There's the default and reactive mode; nothing else.
At it's core they are the same thing; reactive mode just cranks up the
desired parallelism to infinity and enforces certain assumptions (e.g.,
no active resource management).
The advantage is that the adaptive scheduler can run jobs while not
sufficient resources are available, and scale things up again once they
are available.
This is it's core functionality, but we always intended to extend it
such that users can modify the parallelism at runtime as well.
And since the AS can already rescale jobs (and was purpose-built with
that functionality in mind), this is just a matter of exposing an API
for it. Everything else is already there.
As a concrete use-case, let's say you have an SLA that says jobs must
not be down longer than X seconds, and a TM just crashed.
If you can absolutely guarantee that your k8s cluster can provision a
new TM within X seconds, no matter what cruel reality has in store for
you, than you /may/ not need it.
If you can't, well then here's a use-case for you.

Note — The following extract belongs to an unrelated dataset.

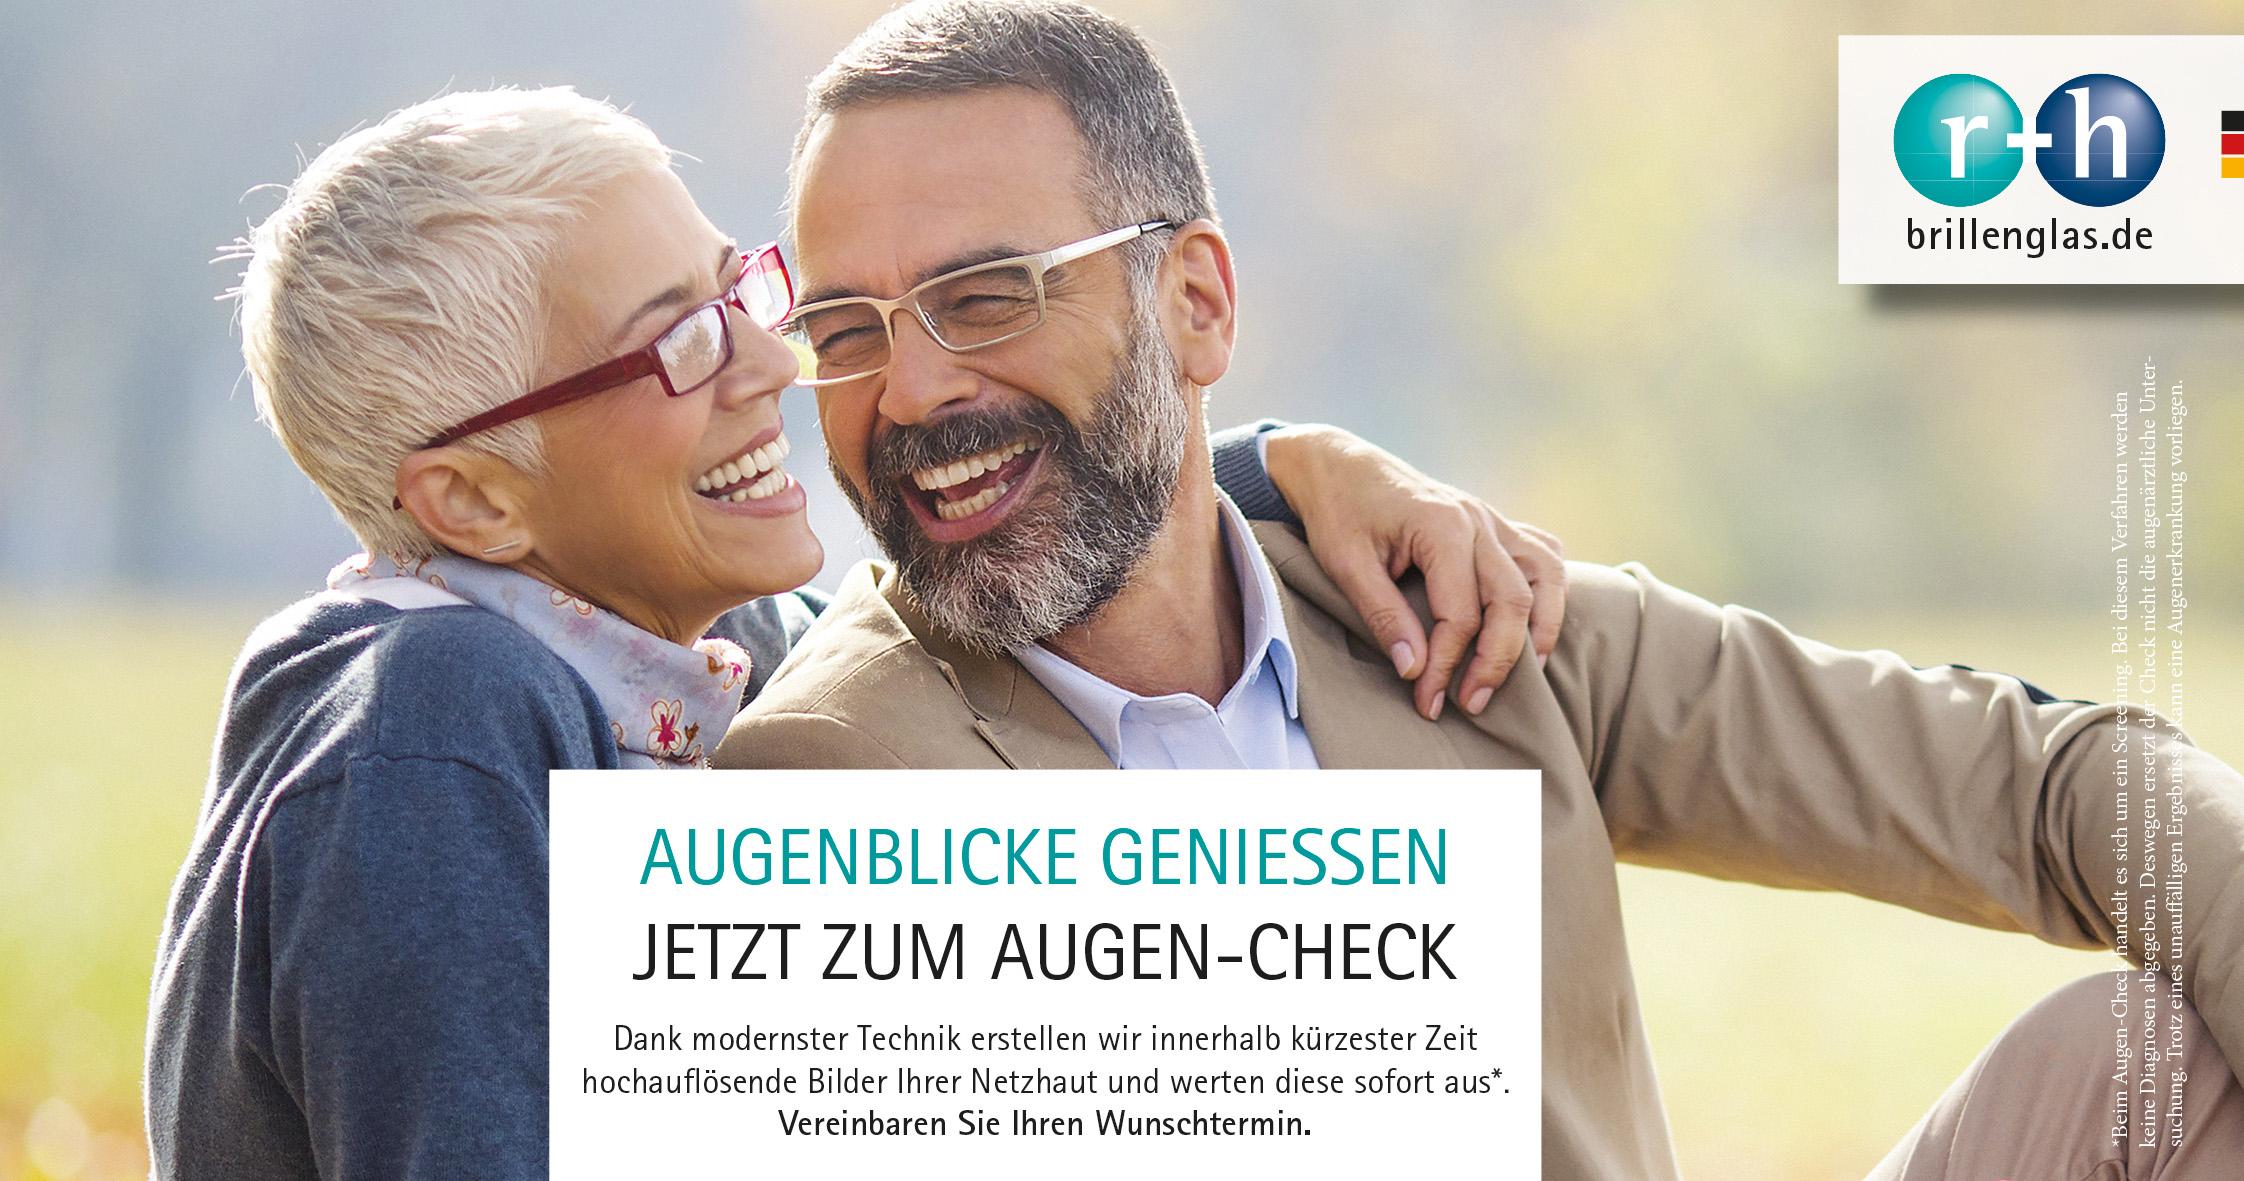 Facebook_Funduskamera_otik_schuhmann_augencheck_gesundheit

> Last time I looked they implemented the same interface and the same
base class. Of course, their behavior is quite different.
They never shared a base class since day 1. Are you maybe mixing up the
AdaptiveScheduler and AdaptiveBatchScheduler?
As for FLINK-30773, I think that should be covered.
On 26/01/2023 17:10, Maximilian Michels wrote:
Thanks for the explanation. If not for the "reactive mode", what is
the advantage of the adaptive scheduler? What other modes does it
support?
Apart from implementing the same interface the implementations of the adaptive
and default schedulers are separate.
Last time I looked they implemented the same interface and the same
base class. Of course, their behavior is quite different.
I'm still very interested in learning about the future FLIPs
mentioned. Based on the replies, I'm assuming that they will support
the changes required for
https://issues.apache.org/jira/browse/FLINK-30773, or at least provide
the basis for implementing them.
-Max
On Thu, Jan 26, 2023 at 4:57 PM Chesnay Schepler<ches...@apache.org> wrote:
On 26/01/2023 16:18, Maximilian Michels wrote:
I see slightly different goals for the standard and the adaptive
scheduler. The adaptive scheduler's goal is to adapt the Flink job
according to the available resources.
This is really a misconception that we just have to stomp out.
This statement only applies to reactive mode, a special mode in which the
adaptive scheduler (AS) can run in where active resource management is not
supported since requesting infinite resources from k8s doesn't really make
sense.
The AS itself can work perfectly fine with active resource management, and has
no effect on how the RM talks to k8s. It can just keep the job running in cases
where less than desired (==user-provided parallelism) resources are provided by
k8s (possibly temporarily).
On 26/01/2023 16:18, Maximilian Michels wrote:
After
all, both schedulers share the same super class
Apart from implementing the same interface the implementations of the adaptive
and default schedulers are separate.